AKP and the great neo-Ottoman travesty
Last updated: 7 hours ago
In Turkey, one extreme in politics is just as bad as the other so the ruling AKP is destined to fall - eventually.

Turkey has been branded by the West and East alike as a success story ever since the sweeping victory of the Justice and Development Party's (AKP) in the 2002 elections.
The nation's AKP leaders touted themselves as proponents of "conservative democracy", a slogan that resonated among average Muslim Anatolians.
Indeed, parts of the country have changed for the better, and for a time, there was notable social and democratic progress. Particularly during the party's first term - sometimes referred to as "the golden age" of Turkish-European Union relations - AKP fast-trackedreforms that were initiated by the previous government. Among these were some cosmetic improvements on the freedom of expression and minority rights.

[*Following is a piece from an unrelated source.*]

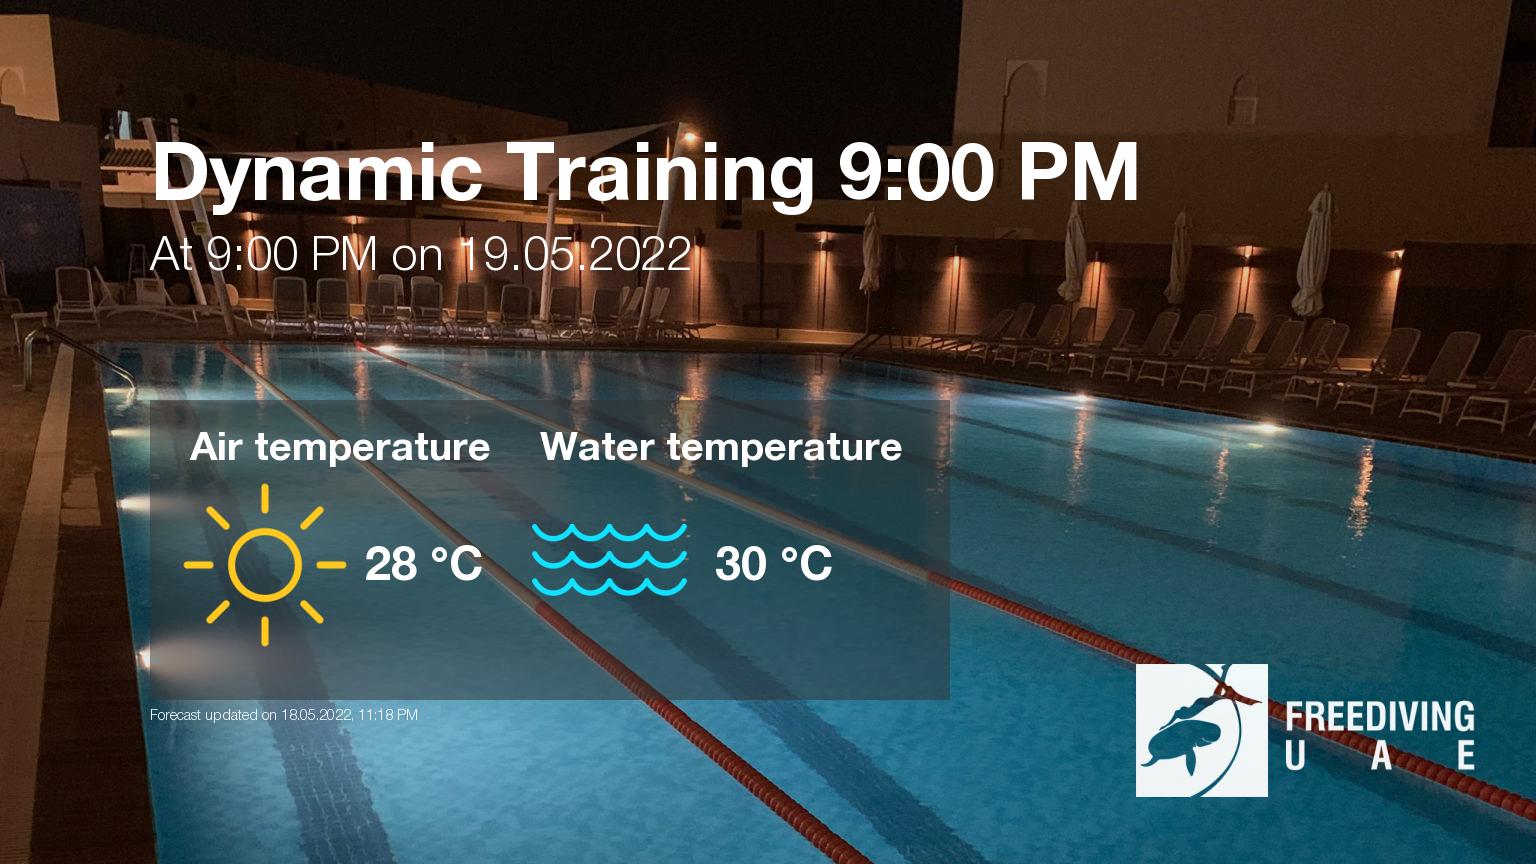 Expected weather during Dynamic Training 9:00 PM on Thu, May 19, at 9:00 PM

Despite significant opposition, the AKP was re-elected in 2007 and 2011, still brandishing the "conversative democracy" card. And in this year's local elections, held on March 30, the party secured around 45-46 percent of the vote.
All that came with the blessing of the United States, which considered President Abdullah Gul, conservative preacher and famed Pennsylvania resident Fethullah Gulen and Prime Minister Recep Tayyip Erdogan as their "boys". Today, two of them remain "their boys", while the third appears to believe he is the new Suleiman the Magnificent.
Delusions of grandeur
Certainly, Erdogan's delusions of grandeur have been fuelled by the specactularly large-scale projects - dubbed "megalomaniac" projects - he has initiated. Bridges, roads, shopping malls and an artificial waterway - none of which may be entirely bad for the country - have come into the spotlight in recent months. Admittedly, the country has also advanced economically. In May 2013, Ankara paid off its remaining debt to the International Monetary Fund and announced that the unemployment rate had fallen from 15 percent to nine percent in 2009.

But what is alarming is the slow and steady move towards autocracy. Since last year's Gezi Park protests, there is increasing concern that the Turkish prime minister, in the words of one Guardian newspaper columnist, is becoming a "righteous, vengeful and paternalistic commissar occupying an almost unchallengeable position at the apex of the country's political life".